Take time to daydream.
For teens, mindfulness can help them tap back into their more imaginative selves.
“Kids have great imaginations, but teens get to a point where they start to believe they can’t pretend,” Ehrman says. “The message they get is, ‘Get real and stop that fantasy stuff.’ All of us use our imaginations, but we’re more likely to catastrophize than focus on the good. Our brain was wired for negativity—so we need practice on focusing on good stuff.”
A gratitude journal is a great way to help teens focus on what’s going right. But if your teen’s not feeling the journal concept, they could put it in another form—they can create a “Jar of Awesome” with small slips of paper where they write something they’re thankful for, for example.
Keep your meditations short and simple.
Meditation doesn’t have to require a separate meditation space or carving out a huge chunk of time in the day. Even a minute or two of deep breathing can be a big help.

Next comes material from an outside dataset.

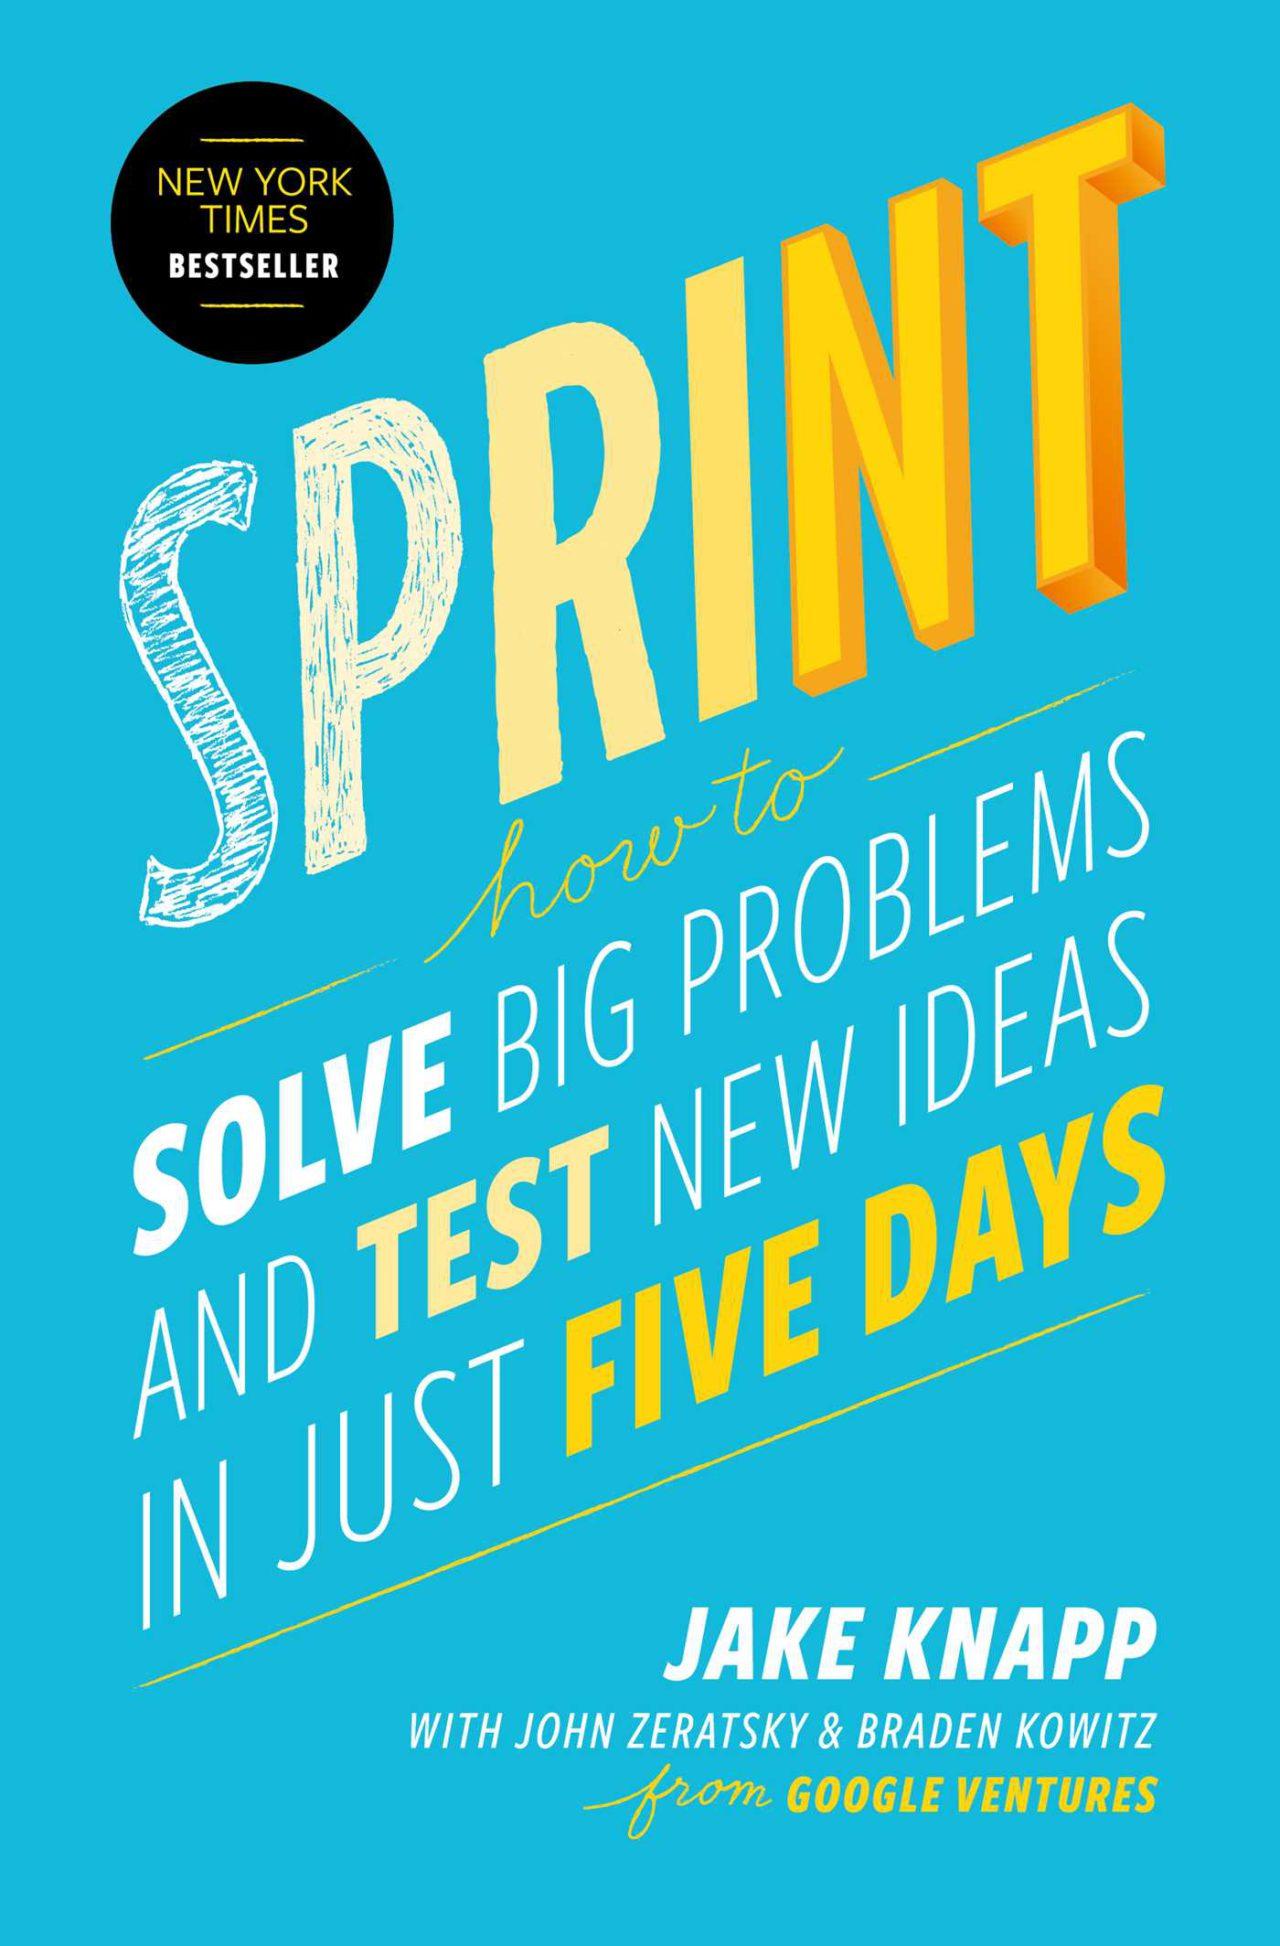 sprint-book-audible
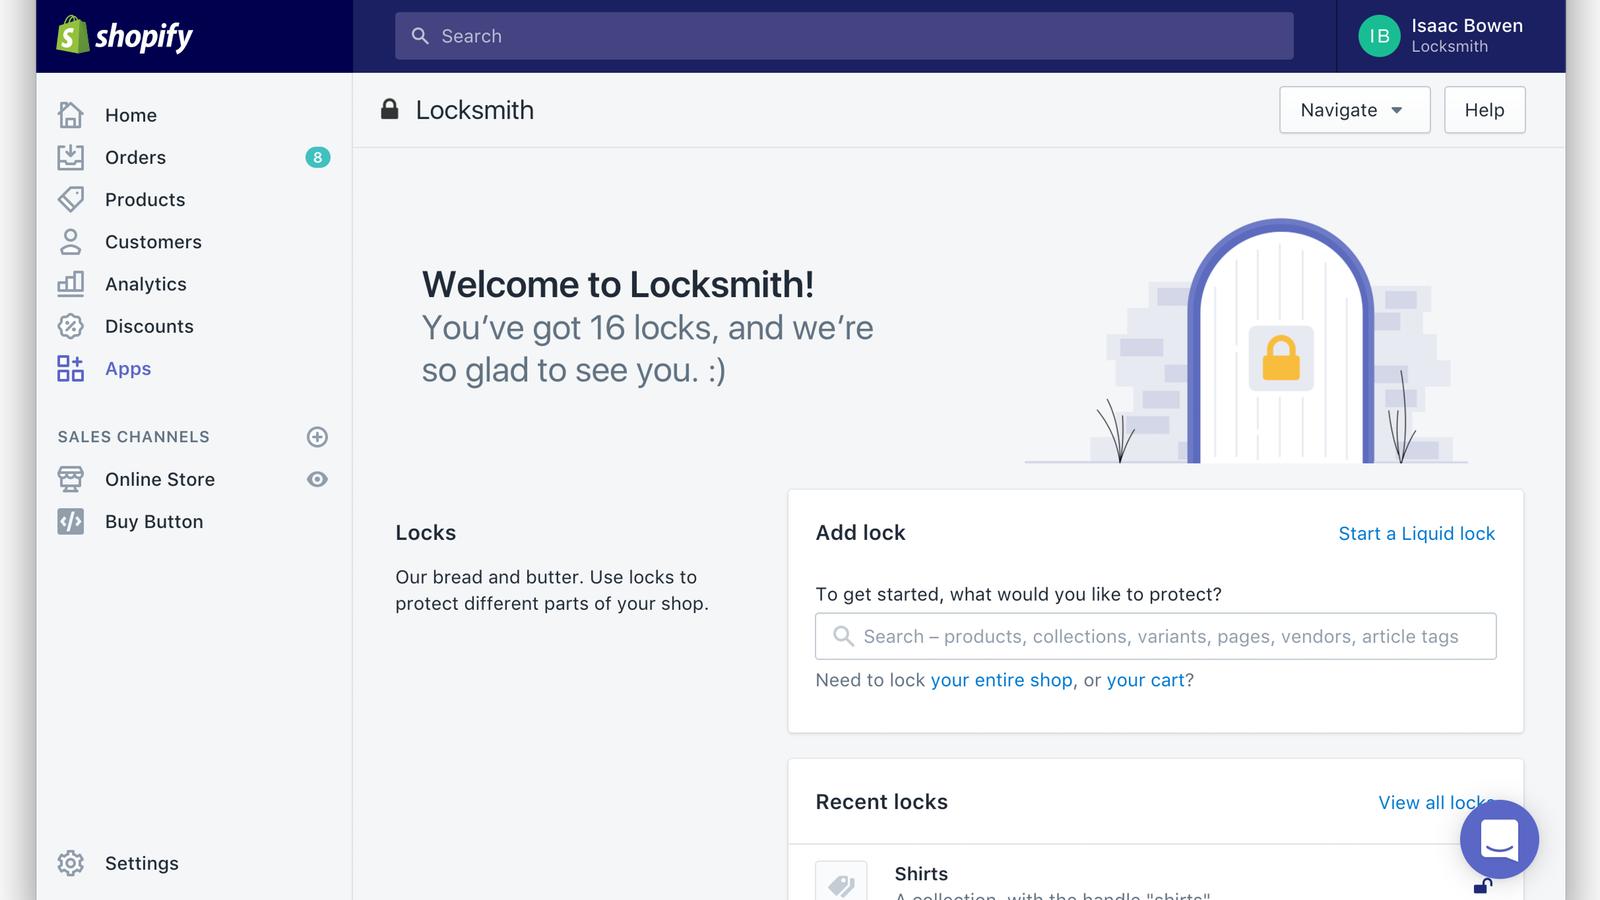 Locksmith homepage

“Choose a quiet place without interruptions,” Ehrman says. “Use your phone as a timer and set aside two or three minutes. You don’t have to cross your legs or say ohm—just sit or lie down. Soothing music can be calming in the background. Just gaze across the room, and take a couple of slow deep breaths. Pay attention to how it feels, pay attention to your breathing. Your mind’s going to start saying, ‘this is crazy, she’s not doing anything.’ Instead of judging it, just get back to breathing.” (And if you’re looking for a good one-minute meditation to start, there’s always the Real Simple Relax Skill.)
Start by meditating for two to three minutes once a day to start, then work up to 15 minutes slowly, on your own pace.
“Ideally, the top of the line is 20 minutes,” Ehrman says. “You lose the benefit after that.”
Make your own mindfulness mantra.
If just focusing on breathing feels a bit too strange, come up with a phrase to repeat over and over that has meaning for your teen. Use something traditional like “I am peaceful and calm,” or “In this moment, I’m OK,” or try something else that’s meaningful and positive for you, Ehrman says.
Find different ways to be mindful.
If meditation isn’t working for your teen, have them tap into another opportunity to stay connected.
“Mindfulness—attending to the present moment with curiosity and kindness—can be practiced formally, and it can also be a way of being throughout the day,” Beach says. “Mindful coloring with mandalas or intricate patterns can be soothing when done with full attention. Or you could experiment with mindful eating, really paying attention to the food as you prepare it and eat it. If your teen is getting outside and going for walks, they could try mindful walking—leave the earbuds at home and just walk outside and notice the smells and sounds and sensations of the outdoors.”
As long as it’s something positive—and something they love to do—it could be the perfect way for them to build a mindfulness practice that can work for them.